Take a coat and scarf. Don't expect to find many sites open so do your research well before you set off. You'll find Aires open but hardly the place to spend Christmas I'd suggest.

Or ditch the coat and scarf and go to Spain!


----------



## smithies (Jul 1, 2007)

*Winter in France*

Have to agree head south for the sun in Spain.


----------



## JollyJack (Aug 14, 2005)

*Winter in France*

propane not butane


----------



## dragonfly (Mar 10, 2007)

Depending on where you are headed, Parc Verger in the Limousin is a safe bet - English owners, big hard standings, and open all year.

Dragonfly


----------



## hmh (Jun 25, 2008)

*Xmas S. of France*

Around Nice should be reasonably warm, but don't know sites there.


----------



## Rapide561 (Oct 1, 2005)

*France*

Hi

This site might be of some assistance in finding campsites in France

www.campingqualite.com

Russell


----------



## 101405 (Oct 15, 2006)

It can be sunny but cold with wind chill of -10 . Nice has been known to have snow. not really for winter touring as the French will be in bed at 7?


----------



## 109353 (Jan 20, 2008)

*france*

has anyone spent xmas at disneyland with kids in motorhome? considering going but not too sure after spending the last 4 days in dumfries with the weather we've had just now, if it turned when over there we may be spending a much longer time than anticipated.

william


----------



## Suenliam (Mar 22, 2006)

Bad timing william. Whitesands flooded this morning.

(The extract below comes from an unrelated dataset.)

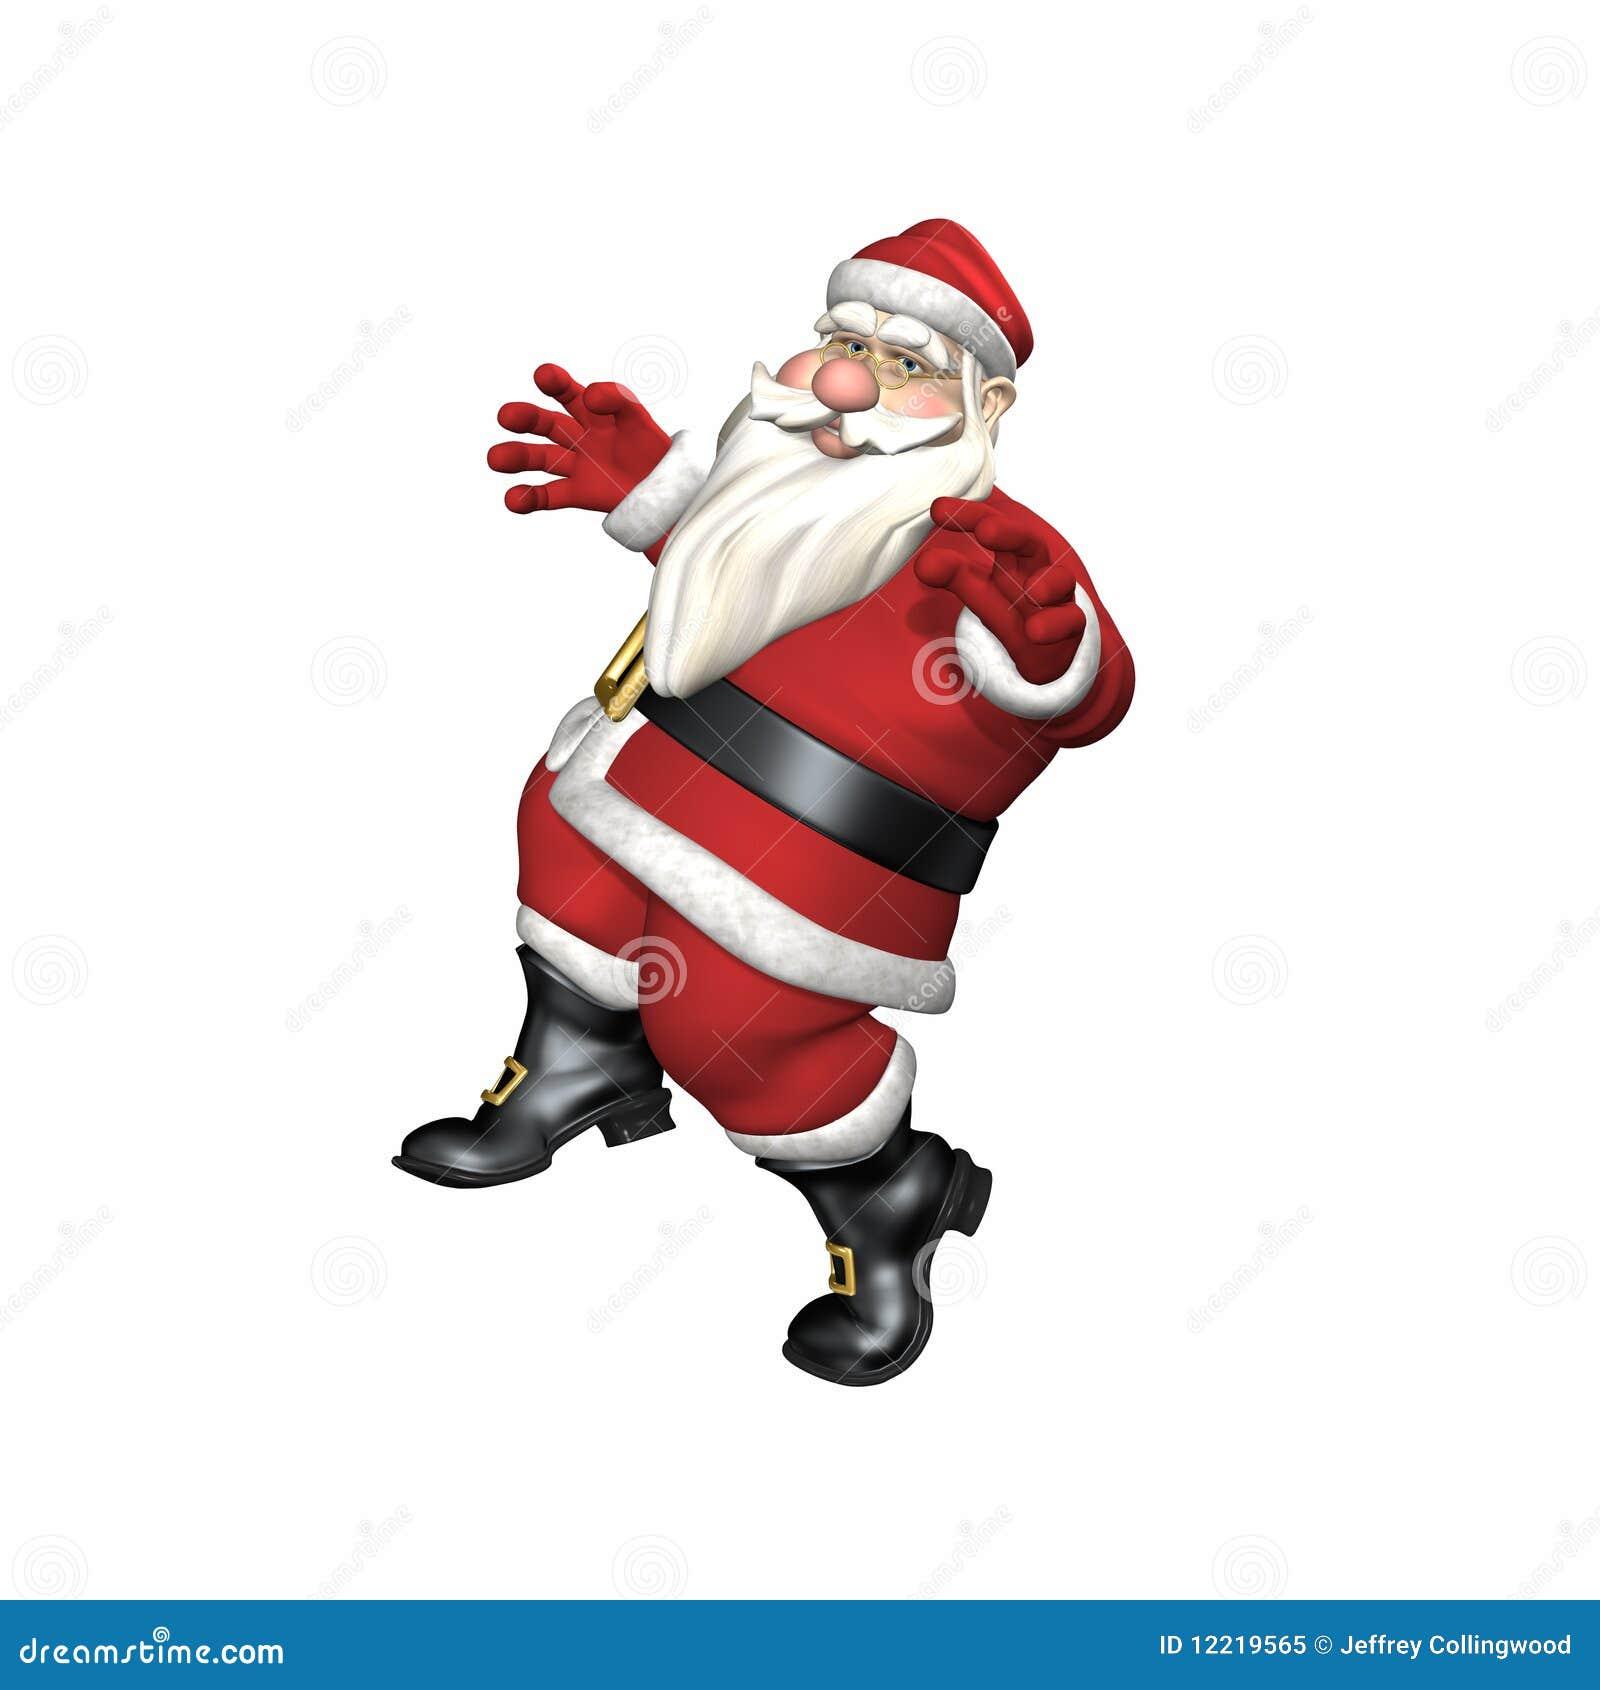 Santa tiptoeing royalty free stock photo image

I seem to remember the sun shining a couple of months ago.

Sue
Dumfries


----------



## rosmic (Oct 9, 2005)

Camping Rouissillon in Argeles, right on the beach and only takes motorhomes in the winter at 10Euros a night. Rosmic


----------



## teemyob (Nov 22, 2005)

*France*

Hello,

If you want to travel a lot more miles, run a much higher risk of getting mugged for the sake of a couple of degrees warmer temperatures (no guarentee of that either) then do as some of the other responders have suggested and travel to Spain.

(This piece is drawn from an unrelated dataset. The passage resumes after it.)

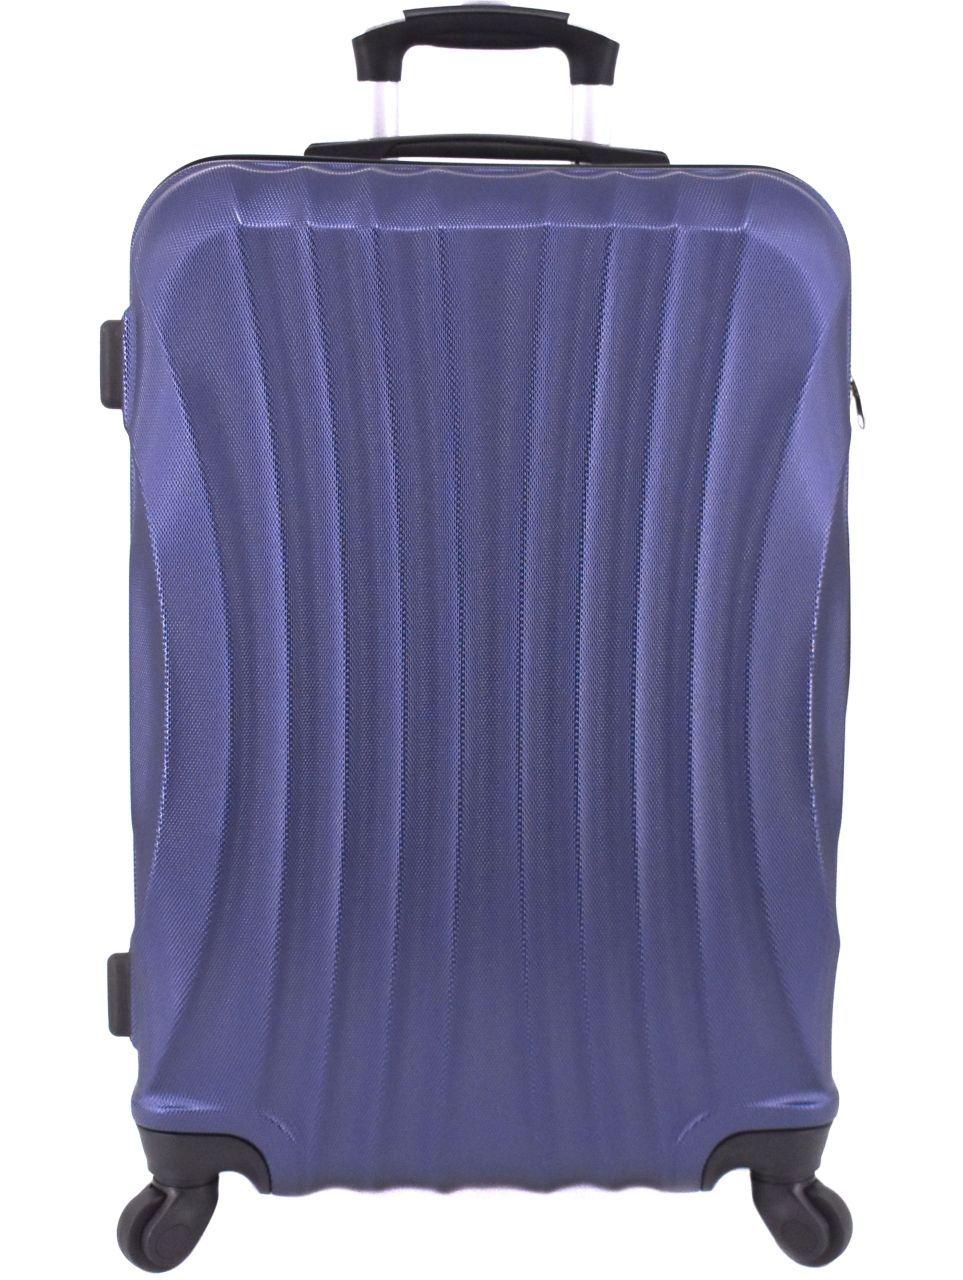 Cestovní skořepina kufr na čtyřech kolečkách Arteddy - (L) 90l tmavě modrá 6020 (L)

If on the other hand you want to try Southern France in winter, which can be nice and mild, give the French Riviera or better still the Cote D'Azur a try, who knows you could even call in at the Apls en-route.

I did do a short write up on hear somewhere but cannot find it.

There will be a fair bit going on as it is Christmas and New Year. For example there may be a Skating Rink and market at Port Grimaud, but doubt you will find MS Minogue Sunbathing on the Beach. And contrary to popular belief, French People do actualy work and live many regions of France!, so it will not be totaly deserted.

If you need any help, send me a PM.

Here is an example of what you can find open

http://www.lescigales.com/

Trev.


----------



## teemyob (Nov 22, 2005)

*Grimaud*

December in a Small Village


----------



## 108352 (Nov 19, 2007)

*It won't be warm!*

If you have heating the temperature will be no problem. I love the aire at Duilhac sous Peyrepetuse ( 42.86245, 2.56775 ) and unlike summertime, finding a space won't be a bunfight. Get a bottle (or three) of Maury Gold from the cave in Cucugnan (or the one in Maury which is more likely to be open at that time of year) and just relax.


----------



## teensvan (May 9, 2005)

Hi.

There will not be many if any sites open in winter. There are lots of aires open about 95% but some may have the water turned off. It is very windy around the Perpignan/Narbonne area and there are no campsites or aires near Marseille. If you want to keep warm then you will have to get down or past Benidorm where we are. It can still get very cold at night with some frost along the spanish coast or inland down as far as Moncofa.

steve & ann. ------------------- teensvan


----------